Jane Eyre, who is our narrator, was born into a poor family. Her parents died when she was a small child and the little girl was sent to live with her Uncle and Aunt Reed at Gateshead. Jane's Uncle truly cared for her and showed his affection openly, but Mrs. Reed seemed to hate the orphan, and neglected her while she pampered and spoiled her own children. This unfair treatment emphasized Jane's status as an unwanted outsider. She was often punished harshly. On one occasion her nasty cousin Jack

picked a fight with her. Jane tried to defend herself and was locked in the terrifying "Red Room" as a result. Jane's Uncle Reed had died in this room a little while before, and Mrs. Reed knew how frightened she was of the chamber. Since Jane is the narrator, the reader is given a first-hand impression of the child's feelings, her heightened emotional state at being imprisoned. Indeed, she seems almost like an hysterical child, filled with terror and rage. She repeatedly calls her condition in life "unjust" and is filled with bitterness. Looking into the mirror Jane sees a distorted image of herself. She views her reflection and sees a "strange little figure," or "tiny phantom." Jane has not learned yet to subordinate her passions to her reason. Her passions still erupt unchecked. Her isolation in the Red Room is a presentiment of her

later isolation from almost every society and community. This powerful, beautifully written scene never fails to move me.

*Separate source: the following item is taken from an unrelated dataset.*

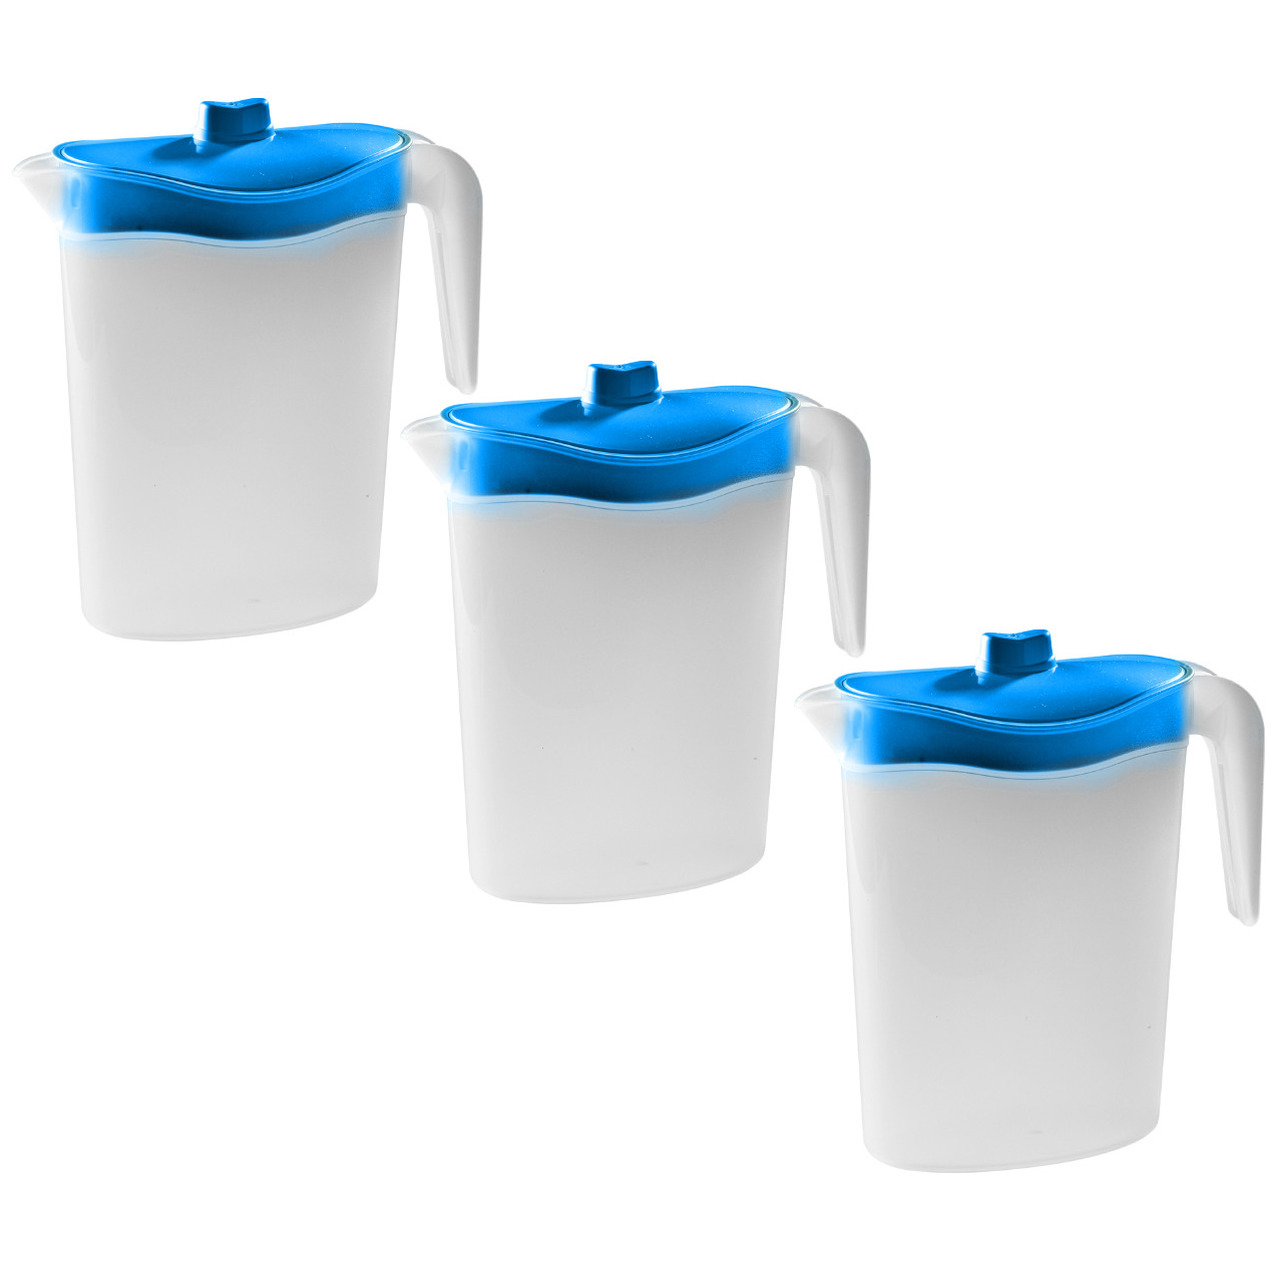 3x Smalle kunststof koelkast schenkkannen 1,5 liter met blauwe deksel

Mrs. Reed decided to send Jane away to the Lowood School, a poor institution run by Mr. Brocklehurst, who believed that suffering made grand people. All the children there were neglected, except to receive harsh punishment when any mistake was made. At Lowood, Jane met Helen Burns, a young woman a little older than Jane, who guided her with vision, light and love for the rest of her life. Jane's need for love was so great. It really becomes obvious in this first friendship. Helen later died from fever, in Jane's arms. Her illness and death could have been avoided if more attention had been paid to the youths. Jane stayed at Lowood for ten years, eight as a student and two as a teacher.